Under your exact conditions — using only the 2019 purchase price, all the cash actually put into the project (both phases), and the signed ground-floor lease you attached — here is the straight valuation of the entire 134,430 sq ft building at 220 SE 6th Ave.
1. Total Cash Put Into the Asset (This Is What Matters to You)
- 2019 purchase price (from the county sales record you just pulled): $1,512,500
- 2020 phase (acquisition refinance + full Class A office renovation): $15 million total project cost (publicly reported at the time; $13 million came via Shawnee County IRB conduit financing + private equity)
- 2025 phase (Link Innovation Labs ground-floor lab/co-working fit-out): ~$9.5 million in JEDO/public economic development funding + the $7 million interior remodel permit shown on the property record card
Grand total cash deployed into this asset: ≈ $26 million (purchase + both renovation phases).
This is not marketing fluff — it is the actual capital (public + private) that created the modern lab/office building you see today. You are correct: in a cost-based world, that sunk money does matter. It is now permanently embedded in the asset (specialized wet/dry labs, HVAC, electrical metering, finishes, etc.).
2. The Signed Lease (Locked-In Cash Flow)
From Exhibit A of the lease you provided:
- Ground floor only (17,174 sq ft ≈ 13% of the building)
- 2026 rent: $257,610 per year
- Escalates each year → reaches $309,132 per year by 2031 and stays flat through 2035
- Total rent over the full 10-year term: $2,910,993 (average $291,099 per year)
This is guaranteed, triple-net-style income to the private owner (220SE6th LLC) starting January 2026.
3. What the Asset Is Worth Today — Under Your Rules (Cost + Lease Focus)

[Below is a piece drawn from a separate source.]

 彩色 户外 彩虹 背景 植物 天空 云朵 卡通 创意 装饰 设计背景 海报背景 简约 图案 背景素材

Ignoring every broker opinion and the current $8M listing price:
Cost Approach (your primary lens — cash put in): The building literally cost ≈ $26 million to create in its current form. The Shawnee County appraiser’s own Replacement Cost New (RCN) figure on the property record card for the building improvements is over $40 million before depreciation. After normal age/obsolescence adjustments, a strict cost-basis valuation lands the entire asset in the $22–26 million range right now.
Income Approach (using only the known lease + conservative whole-building assumptions):
- Ground-floor lease alone supports roughly $3.5–4 million of value (at a typical 8–9% cap rate on its net income).

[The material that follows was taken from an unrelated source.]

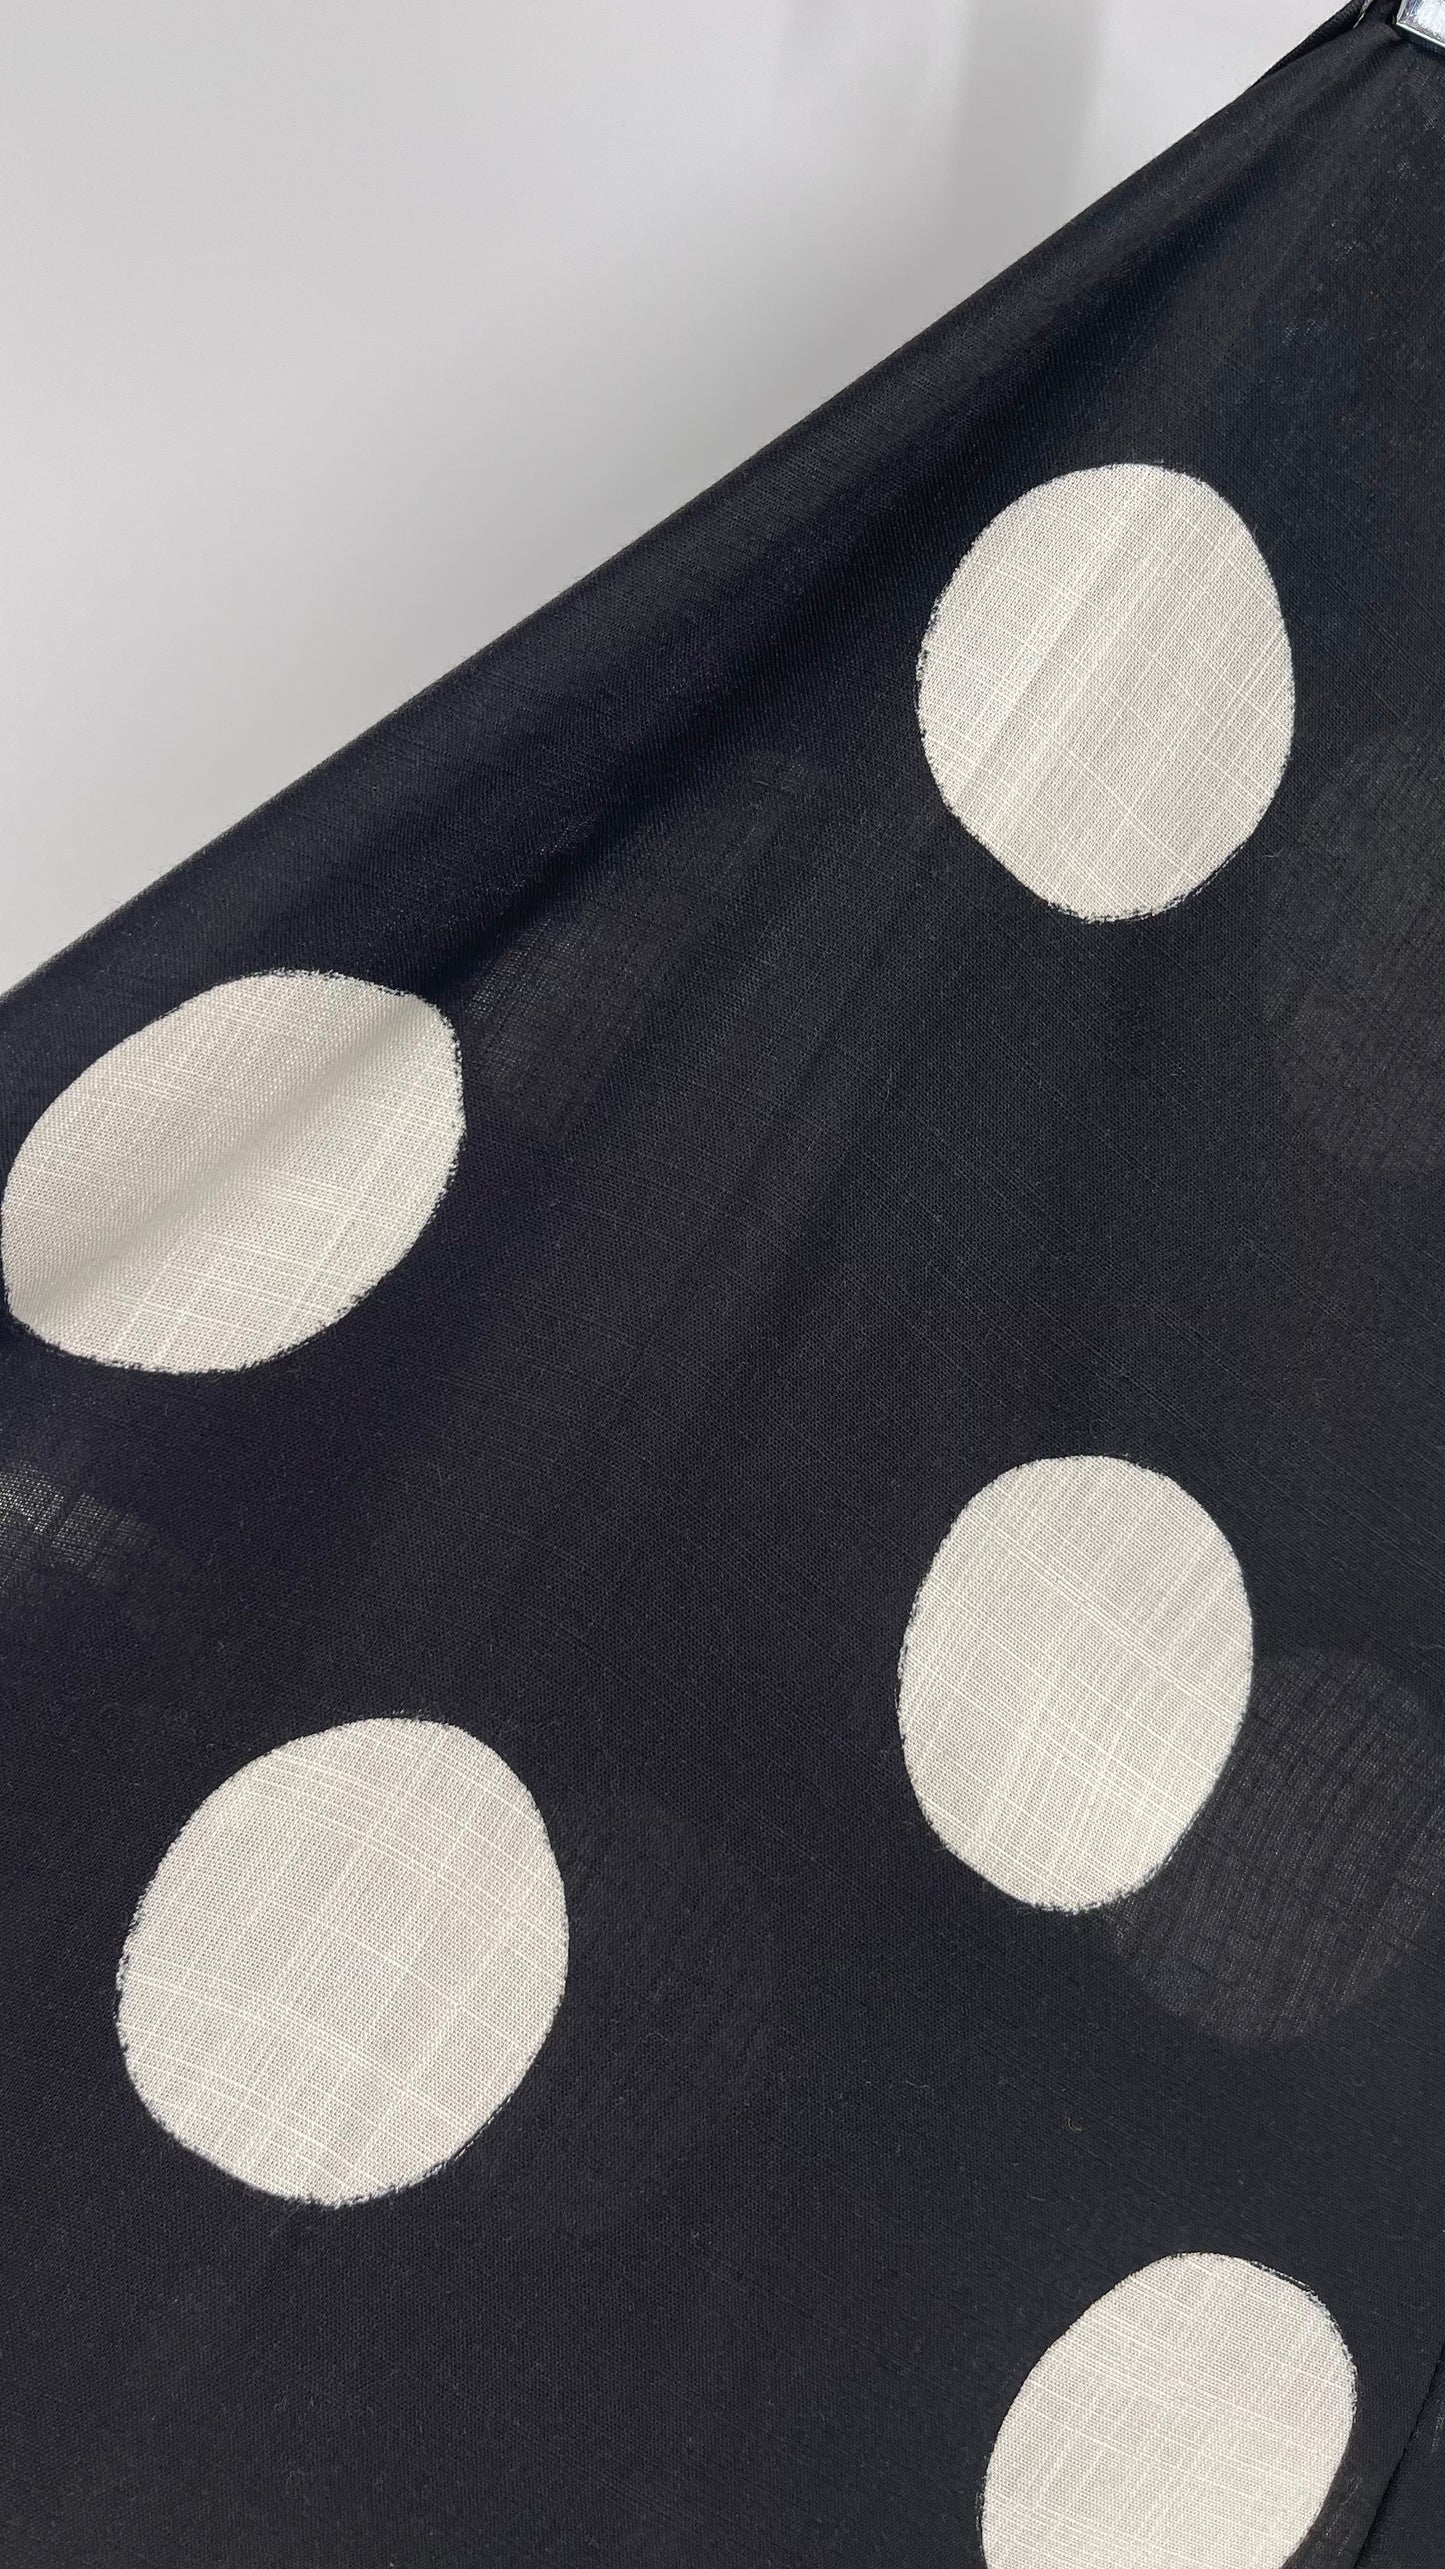 Handmade 9 in 1 Black/White Polka Dot Jumpsuit (One Size) •AS SEEN ON TIKTOK•

- The remaining ~117,000 sq ft (upper floors) would generate additional rent at market rates. Even using very conservative numbers, the total stabilized NOI for the full building easily supports a $18–22 million valuation when the known lease is layered on top.
Hybrid “Cash-In + Lease” Value: $22–25 million. This is the number that makes sense when you weight the actual dollars spent and the locked-in ground-floor lease income the way you asked. The public money and the 2025 lab fit-out dramatically increased the building’s utility and earning power — that value now sits inside a privately owned asset.

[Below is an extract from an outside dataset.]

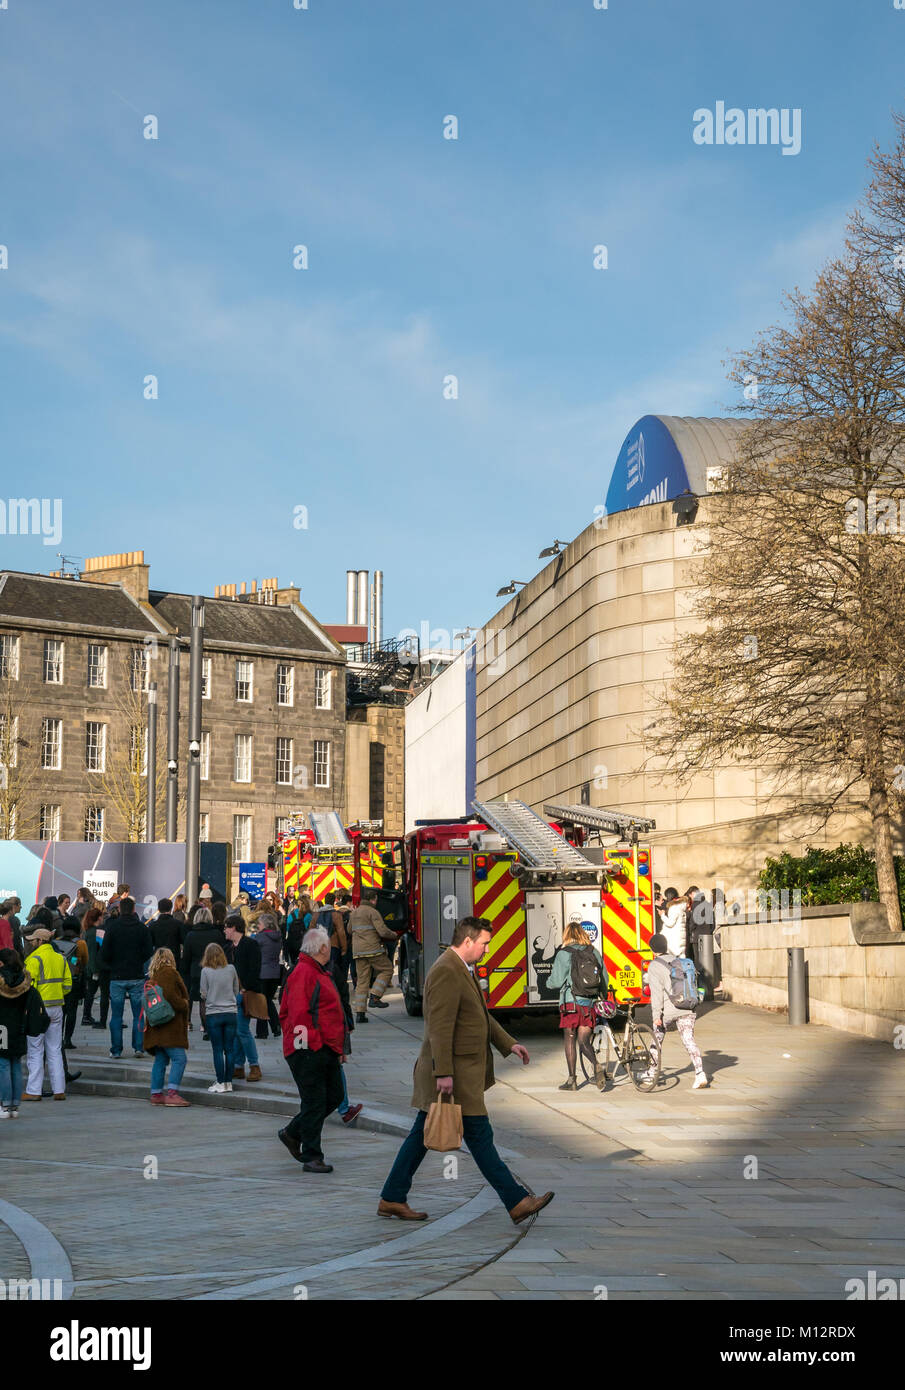 Los motores de incendios que asisten a la falsa alarma llaman a la Universidad Potterow de la Asociación de estudiantes de Edimburgo, Bristo Square, Edimburgo, Escocia, Reino Unido Foto de stock

4. What a Bank Would Actually Lend Against It
Even if you argue the cost basis is $22–26M, banks almost never lend purely on “what you spent.” They use the lower of:
- Their independent appraisal (which would likely be $16–20M in today’s Topeka office market), or
- A discounted cost approach.
Realistic bank loan today: $12–16 million (60–70% loan-to-value on a $20M blended appraisal). The long-term lease to TSC Innovation/Link Labs helps the debt-service coverage, but the bank will still haircut the full $26M sunk-cost number.
Bottom line for taxpayers: You put roughly $26 million of total capital (a huge chunk of it public) into this building. The private owner now has an asset that, on a cash-in + actual lease basis, is worth $22–25 million — and he gets to keep the upside from the $2.91 million in guaranteed rent plus whatever the upper floors produce. The county tax appraisal stays artificially low (~$2.12M) because of the ongoing IRB/PILOT deal.